This is how the birth of Jesus the Messiah came about. His mother Mary was pledged to be married to Joseph, but before they came together, she was found to be pregnant through the Holy Spirit.  Because Joseph her husband was faithful to the law, and yet did not want to expose her to public disgrace, he had in mind to divorce her quietly.

 

But after he had considered this, an angel of the Lord appeared to him in a dream and said, “Joseph son of David, do not be afraid to take Mary home as your wife, because what is conceived in her is from the Holy Spirit. She will give birth to a son, and you are to give him the name Jesus, because he will save his people from their sins.”

 

All this took place to fulfill what the Lord had said through the prophet:“The virgin will conceive and give birth to a son, and they will call him Immanuel” (which means “God with us”).

 

When Joseph woke up, he did what the angel of the Lord had commanded him and took Mary home as his wife. But he did not consummate their marriage until she gave birth to a son. And he gave him the name Jesus.

 

Reflection

The angel comes to Joseph in the dark, to tell him to take Mary as his wife, and her child as his to father.

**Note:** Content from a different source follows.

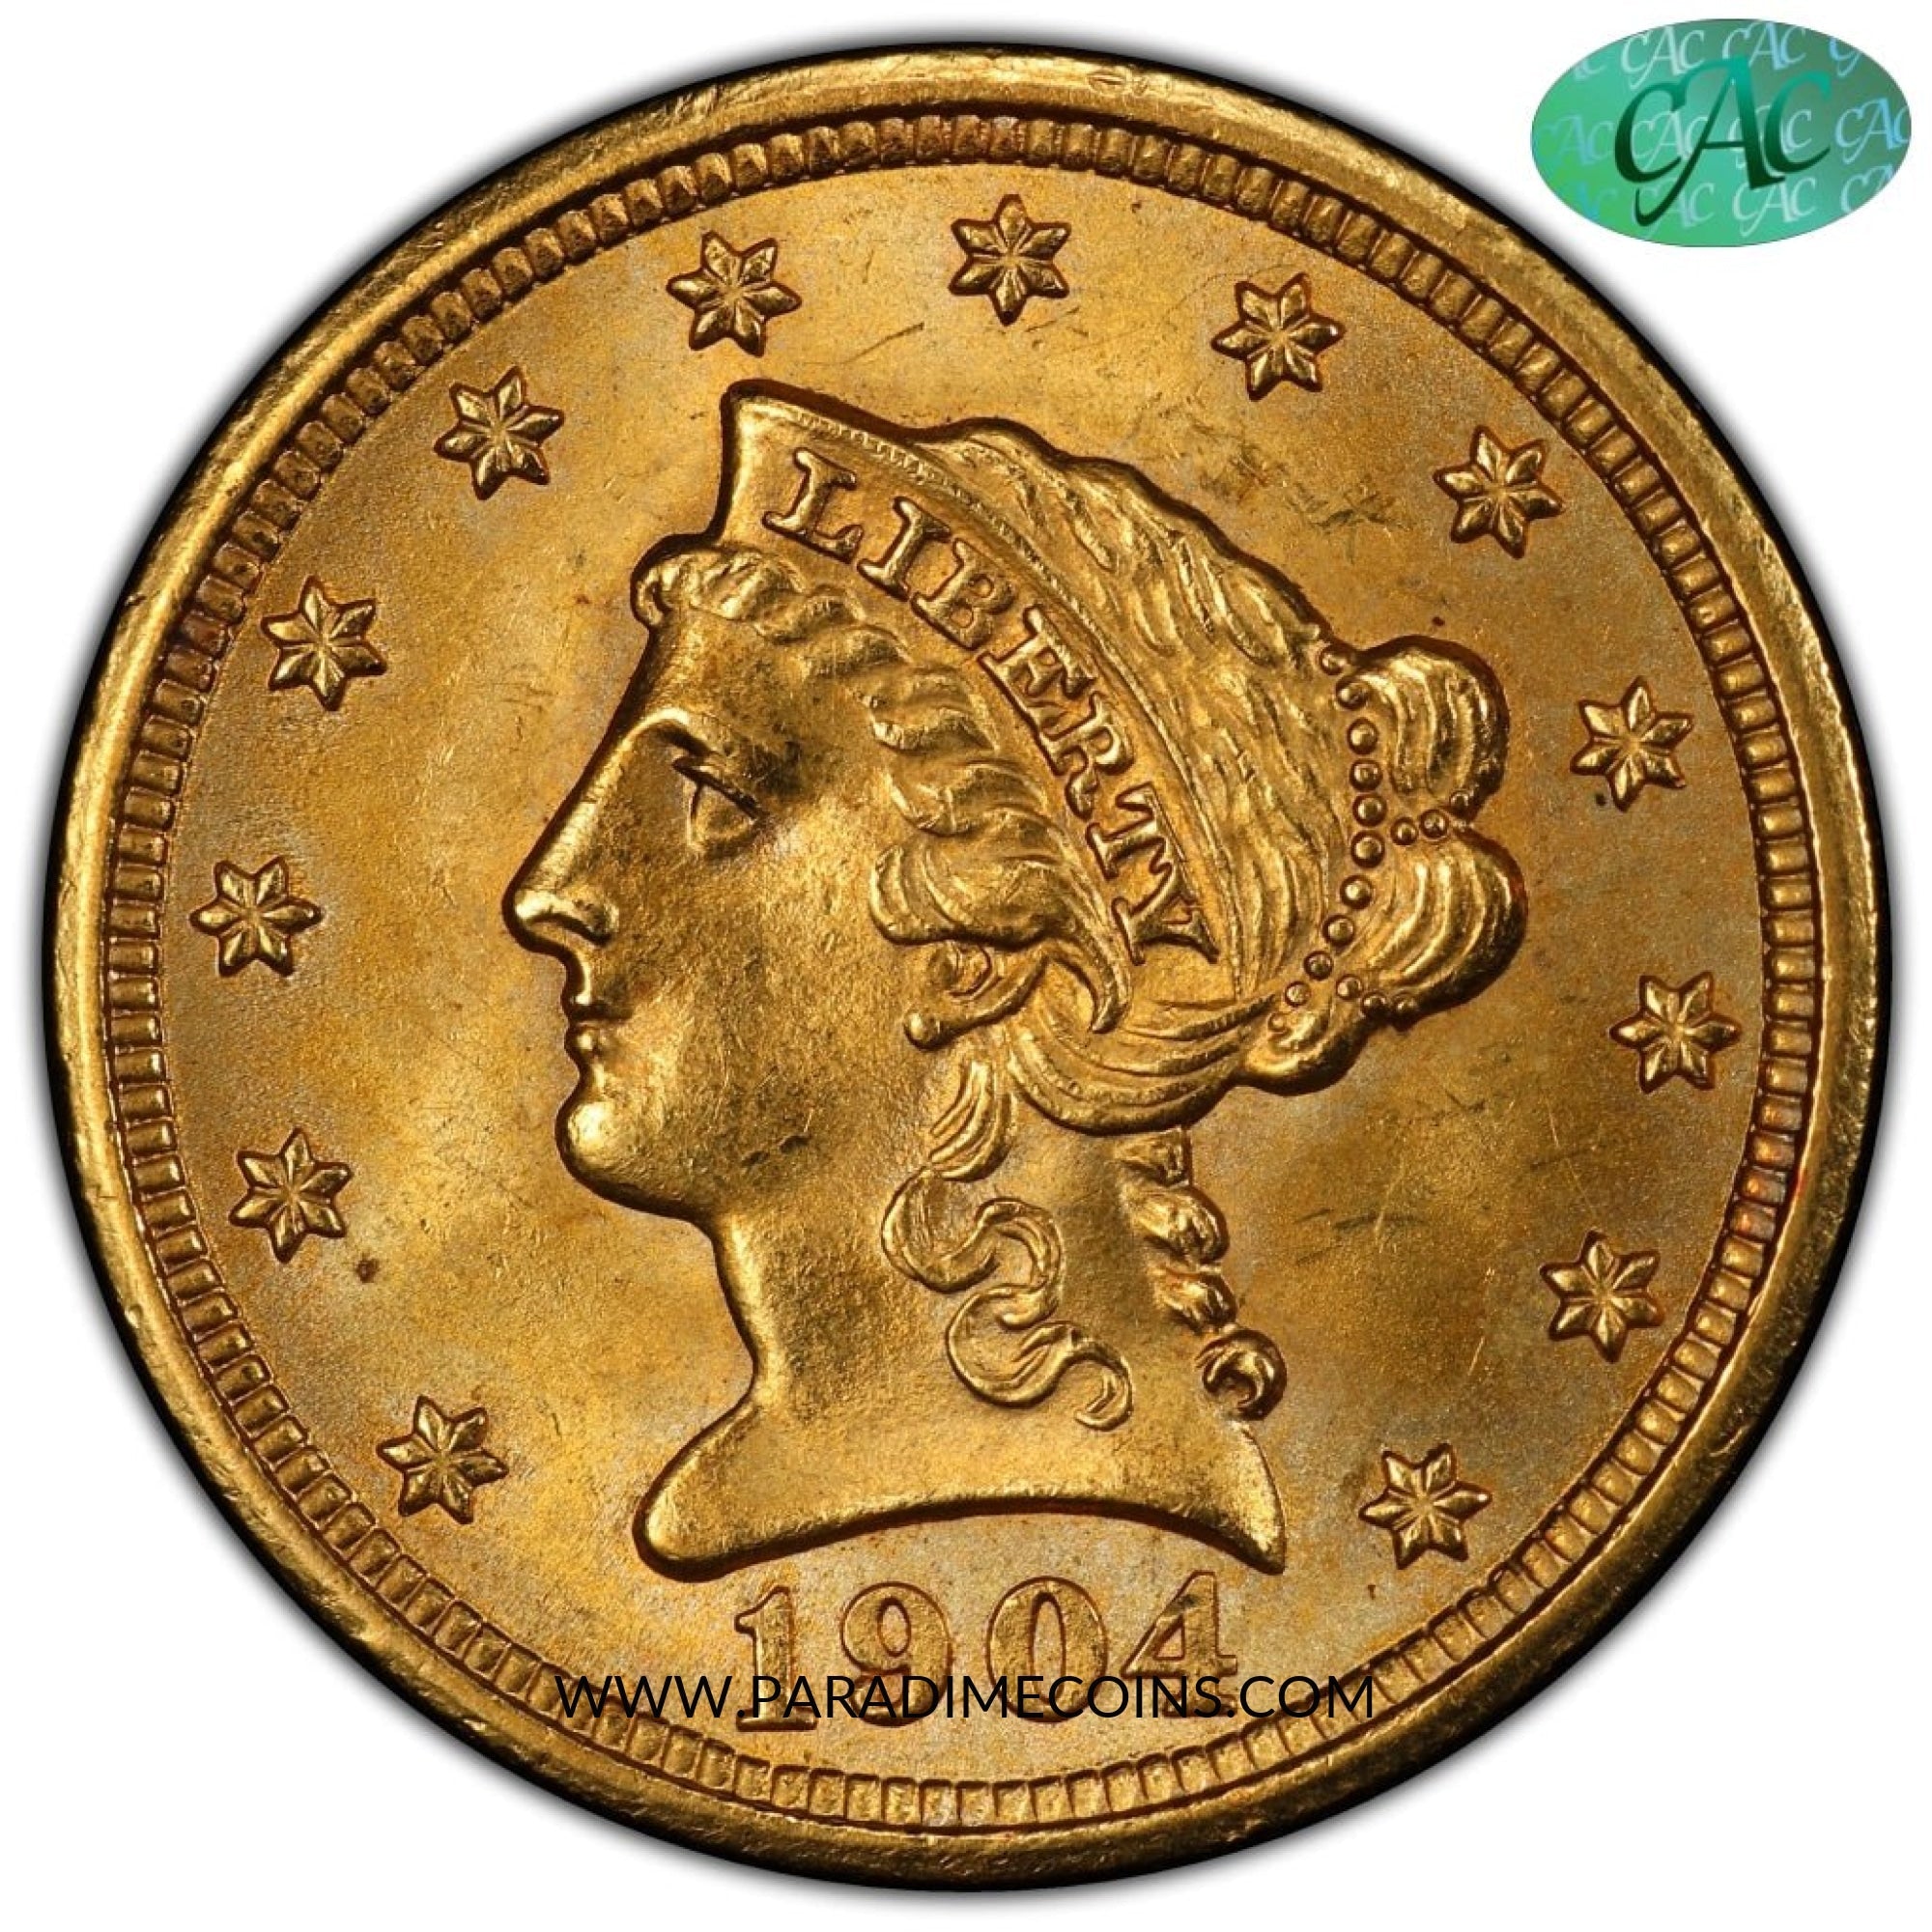 1904 $2.5 MS65+ PCGS CAC - Paradime Coins | PCGS NGC CACG CAC Rare US Numismatic Coins For Sale

Why?  With Mary on board, and the messiah already coming to life within her why does God need Joseph?

The simple answer is that even God, and even the messiah – for all his necessary sense of homelessness in the world – “the foxes have dens, the birds have nests, but the son of man has not a place to lay his head” – also still needs a home at least at the start to be welcomed into, to be nurtured, and cared for, and to grow as the Word of God and the Light of God for all the world.

And who better to do that, than a carpenter like Joseph?  Master builder of homes for people to gather and have a place to grow? 

Except, the way God needs to engage Joseph is in the dark.  While he is asleep, his defences are down, and the lines are not as clear as they seem in the day.

As a carpenter, Joseph was good at drawing lines.  To build things right and to know they would last, he needed to know where the line was, to cut off the unwanted and un-needed piece, so the rest – the best of the wood, could fit together well.

And Joseph was good at drawing other lines.  A moral man, he studied the lines God seemed to draw between good and bad, and tried hard to follow them to help build the world towards the good.  That’s why when he learned Mary was pregnant and not by him, he could not marry her.  It was wrong.  It was not good for the moral life of the town.  He needed to end the engagement, so ... hating the sin but loving the sinner -- isn't that how it’s put? – he resolved to let Mary go without fuss into a life alone and apart, to live with quietly – but at least to live, with her shame.

 

Until God, through a dream of an angel, directs him to step beyond where he thought the line needed to be drawn.  To think outside the box he had got himself into.  To change the box.  Because ultimately God, the messiah and the light of God for the world cannot be contained in any box we make.

In the news this week, was a story about the Calgary police who twenty years this past Monday raided a gay bathhouse, and arrested a dozen men on morality charges.  In the end, none were found guilty, but to the police and to many in the city, it seemed the right thing to do.  They were drawing a line they thought needed to be drawn to keep the city good and right.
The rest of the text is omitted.